I am truly thankful to all of my reviewers, you are the ones that constantly convince me to continue writing. Without you guys, I swear I would fade off the face of the earth.
SO TO THANK YOU ALL FOR YOUR SUPPORT AND YOUR (UN)PATIENT WAITING: This chapter is extra long! Enjoy! Also, there is some 'fluff' in this chapter, many have asked for it so I managed to squeeze it in.
Thank you! And I'm sure you want to stop listening to my pathetic groveling and read on with the story with a plot thicker than my grand mother's toe jam. Oo (bad image)
Forgotten Snow
Chapter nine
The next day, Miroku stood at the coffee machine sipping on some coffee. His mind was plagued with the information Inu-yasha had given him. He had started out tense, but then soon he was pouring his guts out to Miroku like he was on his deathbed. He saw Inu-yasha's sorrow, his regrets; everything he'd thought couldn't exist in the seemingly cold man. But no, now he realized that he was simply hiding everything up. Soon, he feared, Inu-yasha would explode and have a mental breakdown.
When Miroku asked Inu-yasha if he'd ever laid Kagome, however, resulted in Inu-yasha getting all flustered and kicking him out of the office. Miroku took that as a yes.
Sango came out of Sesshoumaru's office with a feverish sway in her hips, her hair was neatly combed into a low pony tail and her hot pink eye shadow brought out the beautiful maroon of her eyes. He found himself grinning and leaning against the wall like a 'smooth criminal' as he liked to call it.
Sango raised an eyebrow as she came to a stop at the coffee machine, "Don't even think about it."
"You know," Miroku said with a smirk, "you've been avoiding me, Sango, if I didn't know better I'd say you were trying to get away from me."
Sango gave him a dry look.
"What?" Miroku asked, feigning innocence.
Sango rolled her eyes, "For your information, I've been giving Kagome some emotional support. She's been a wreck ever since she became Inu-yasha's secretary."

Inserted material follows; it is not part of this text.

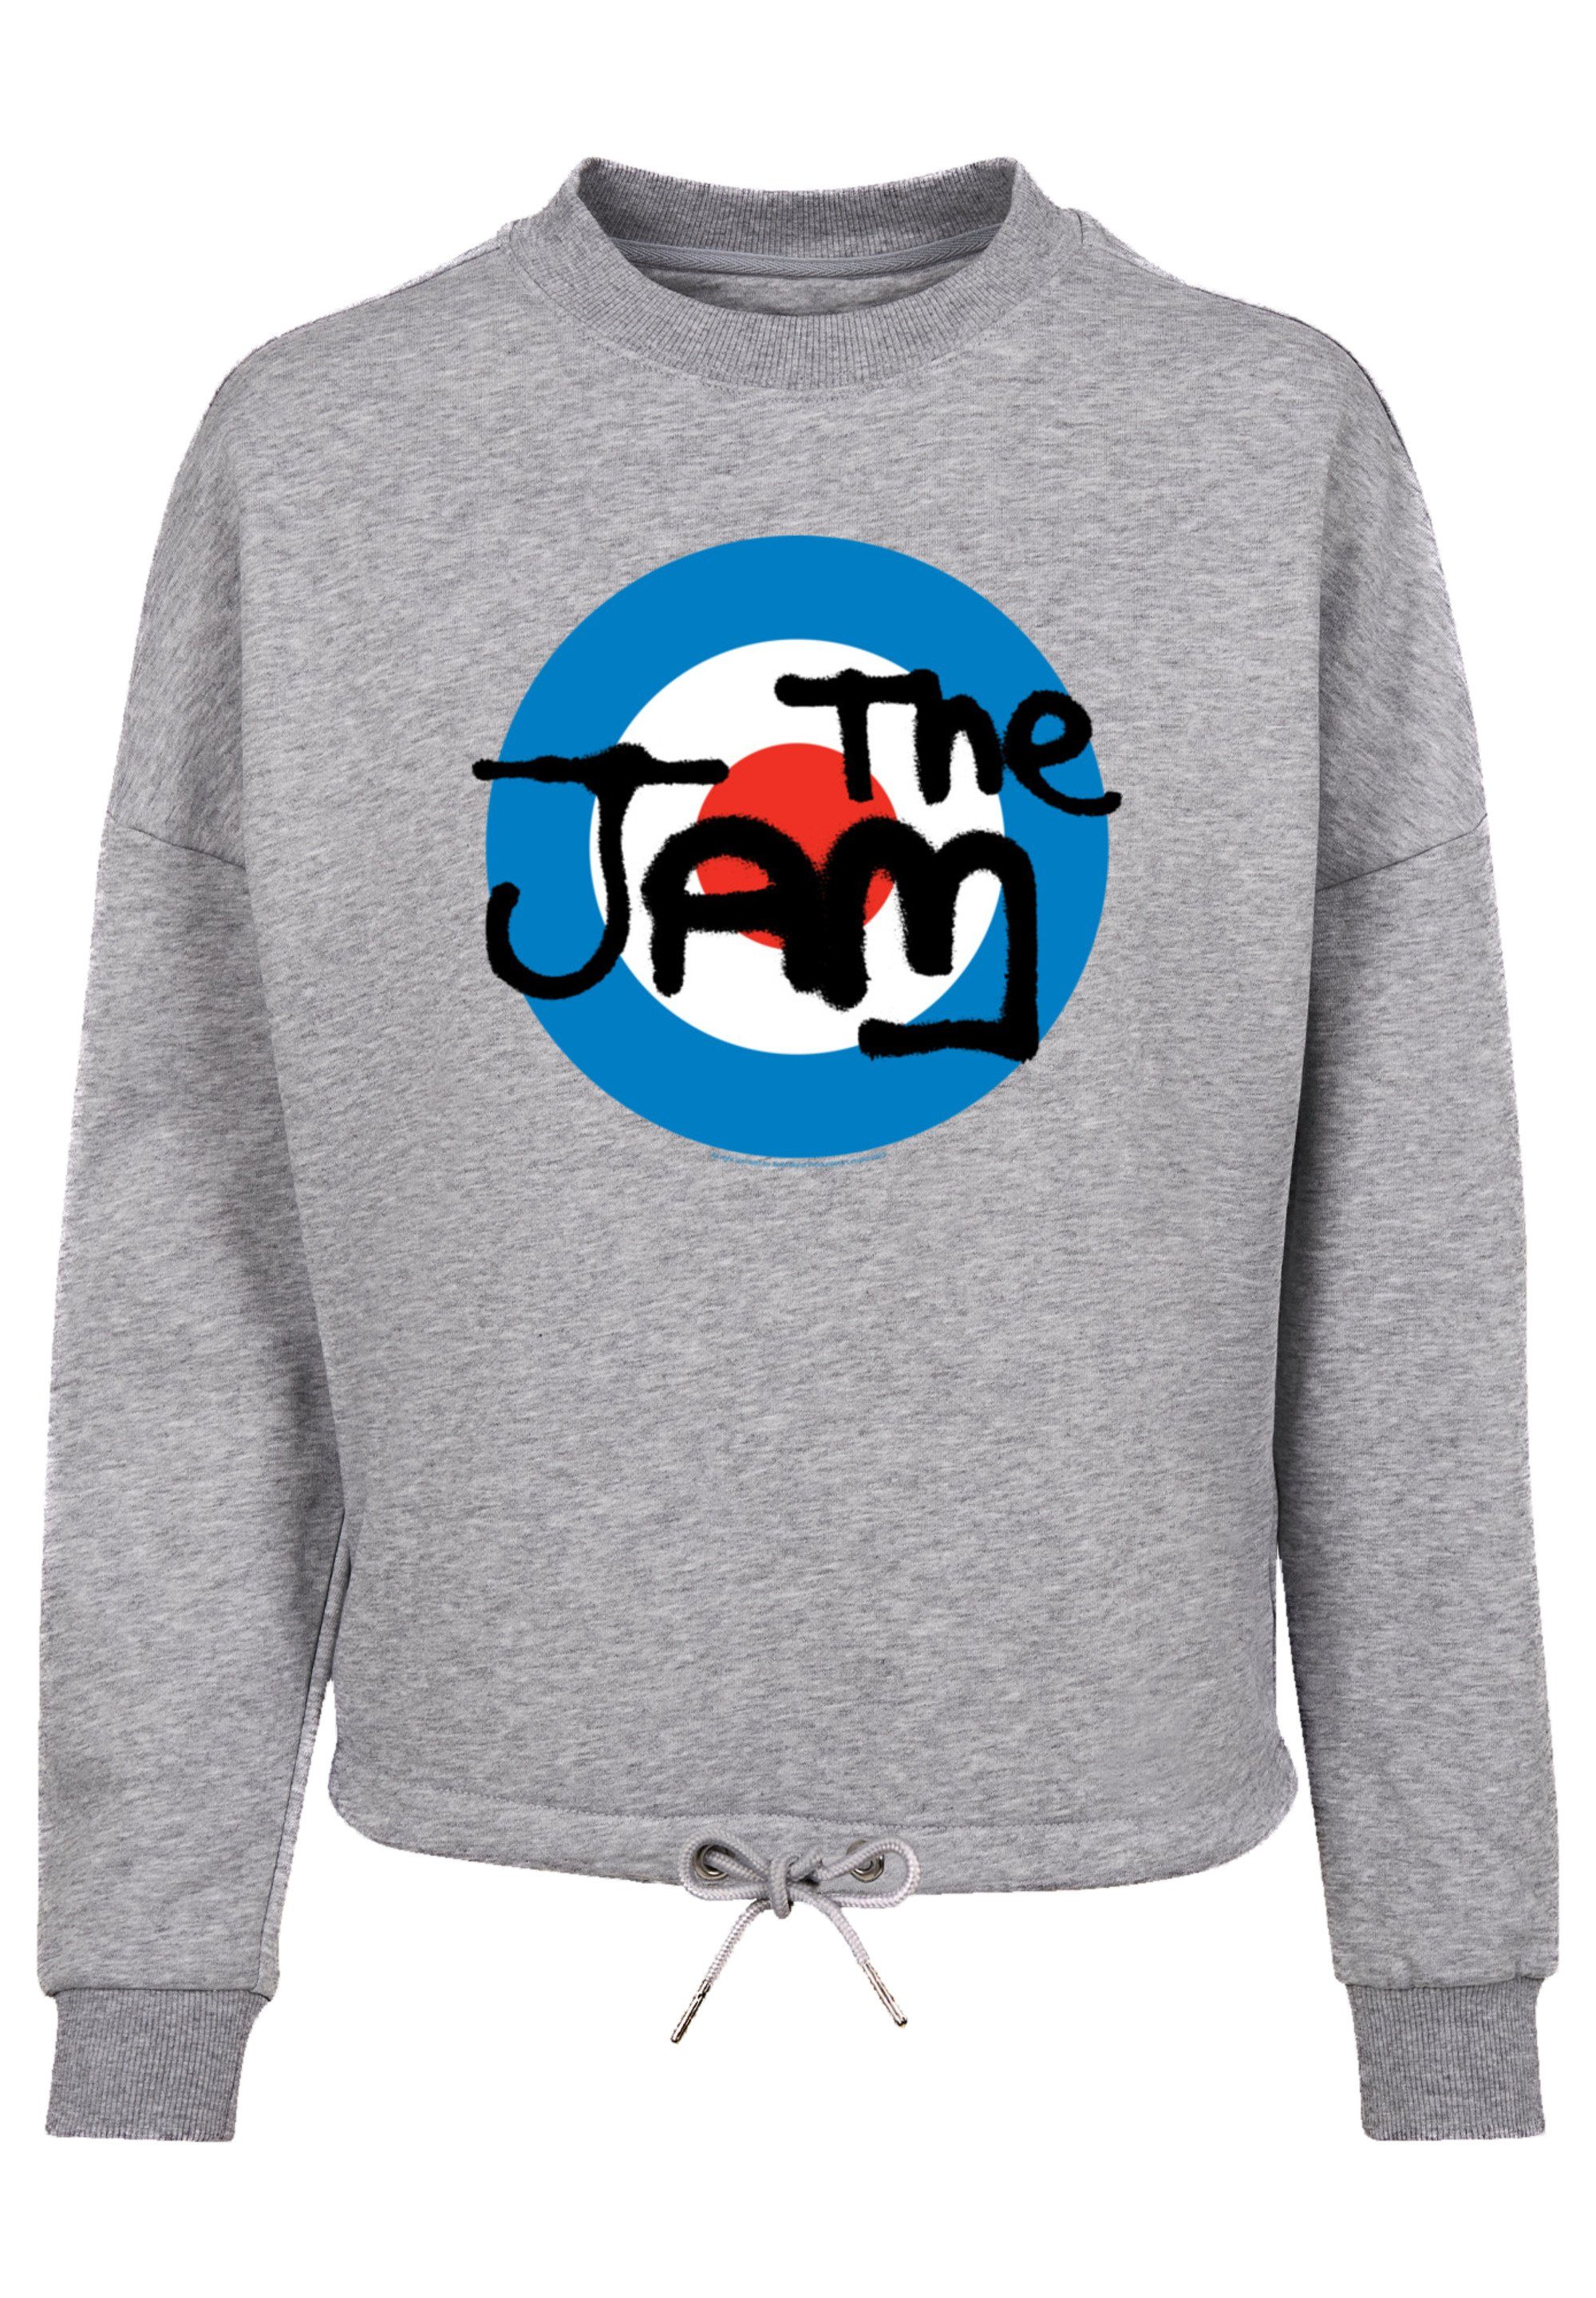 Band Sweatshirt Jam Classic und The Weit Ärmel Logo Bündchen Premium am Kordelzug F4NT4STIC Qualität, geschnittenen

"Tell me about, Inu-yasha just basically spilled his guts yesterday," Miroku said sadly as he stared at the remainder of the liquid in his cup. "He really misses her. He hates to admit it, though."
"Yeah," Sango agreed, "It's obvious that Kagome still loves Inu-yasha, I mean, why else would she stay near him? If I were in her shoes I would have quit the moment that asshole of a boss even snapped at me."
Miroku looked out the window at the clear sky. The snow lay idly around the city. He sighed deeply, "If only it were that simple, ne?"
Kagome yanked the cord from the phone jack with a heavy heart. It was her day off and she'd spent most of the time crying silently. The ringing of the phone in the background of her sobs became too much to bare, causing Kagome to silence it altogether.
She sniffed and wiped her eyes with a tissue. She sat in the middle of her kitchen, having slipped on the linoleum tiles and banging her head on the counter top. Tears fell silently from her hazy blue orbs and her face was blotchy and tears stained her once vibrant cheeks.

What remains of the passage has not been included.